[Opening Data records section]

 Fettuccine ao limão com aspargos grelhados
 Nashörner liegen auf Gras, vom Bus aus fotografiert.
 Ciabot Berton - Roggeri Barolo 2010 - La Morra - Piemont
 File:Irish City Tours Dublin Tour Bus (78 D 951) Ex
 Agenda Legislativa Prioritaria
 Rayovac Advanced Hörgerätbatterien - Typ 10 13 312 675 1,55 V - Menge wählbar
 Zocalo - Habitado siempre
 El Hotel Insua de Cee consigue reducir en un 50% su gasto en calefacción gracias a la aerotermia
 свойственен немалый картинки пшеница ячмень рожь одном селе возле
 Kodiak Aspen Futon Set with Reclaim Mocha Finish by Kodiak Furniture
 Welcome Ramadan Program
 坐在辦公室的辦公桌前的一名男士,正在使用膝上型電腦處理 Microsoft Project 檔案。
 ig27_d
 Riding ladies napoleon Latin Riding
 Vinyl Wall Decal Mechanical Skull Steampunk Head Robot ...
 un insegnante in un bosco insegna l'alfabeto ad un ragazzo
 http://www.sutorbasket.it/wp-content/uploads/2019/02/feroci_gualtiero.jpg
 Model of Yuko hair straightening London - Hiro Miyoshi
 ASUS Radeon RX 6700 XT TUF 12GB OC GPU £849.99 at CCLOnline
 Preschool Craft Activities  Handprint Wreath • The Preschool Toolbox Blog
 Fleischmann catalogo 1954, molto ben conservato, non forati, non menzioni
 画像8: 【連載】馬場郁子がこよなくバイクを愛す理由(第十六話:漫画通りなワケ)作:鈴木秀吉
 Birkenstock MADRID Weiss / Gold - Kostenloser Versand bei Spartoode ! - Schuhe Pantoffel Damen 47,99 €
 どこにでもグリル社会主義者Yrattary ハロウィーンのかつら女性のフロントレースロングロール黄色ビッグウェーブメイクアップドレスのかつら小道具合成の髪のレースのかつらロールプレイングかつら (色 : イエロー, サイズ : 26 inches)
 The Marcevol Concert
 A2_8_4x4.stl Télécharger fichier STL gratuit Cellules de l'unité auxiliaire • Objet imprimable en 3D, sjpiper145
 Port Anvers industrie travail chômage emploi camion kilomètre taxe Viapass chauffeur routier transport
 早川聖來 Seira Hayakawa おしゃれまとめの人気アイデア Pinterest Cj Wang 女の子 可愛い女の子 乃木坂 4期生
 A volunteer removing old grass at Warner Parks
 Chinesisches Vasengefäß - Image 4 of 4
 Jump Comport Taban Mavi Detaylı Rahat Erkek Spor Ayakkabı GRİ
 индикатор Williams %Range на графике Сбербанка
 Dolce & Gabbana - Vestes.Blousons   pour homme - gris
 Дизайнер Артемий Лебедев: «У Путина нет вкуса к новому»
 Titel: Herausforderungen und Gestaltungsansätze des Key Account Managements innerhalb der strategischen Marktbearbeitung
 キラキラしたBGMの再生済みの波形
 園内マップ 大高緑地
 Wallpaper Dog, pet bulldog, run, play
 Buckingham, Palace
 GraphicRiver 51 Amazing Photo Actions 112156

[Closing Data records section]

Write out word for word only the lines from the start of the entries down to the line with "Zocalo - Habitado siempre", please, including both ends.

 Fettuccine ao limão com aspargos grelhados
 Nashörner liegen auf Gras, vom Bus aus fotografiert.
 Ciabot Berton - Roggeri Barolo 2010 - La Morra - Piemont
 File:Irish City Tours Dublin Tour Bus (78 D 951) Ex
 Agenda Legislativa Prioritaria
 Rayovac Advanced Hörgerätbatterien - Typ 10 13 312 675 1,55 V - Menge wählbar
 Zocalo - Habitado siempre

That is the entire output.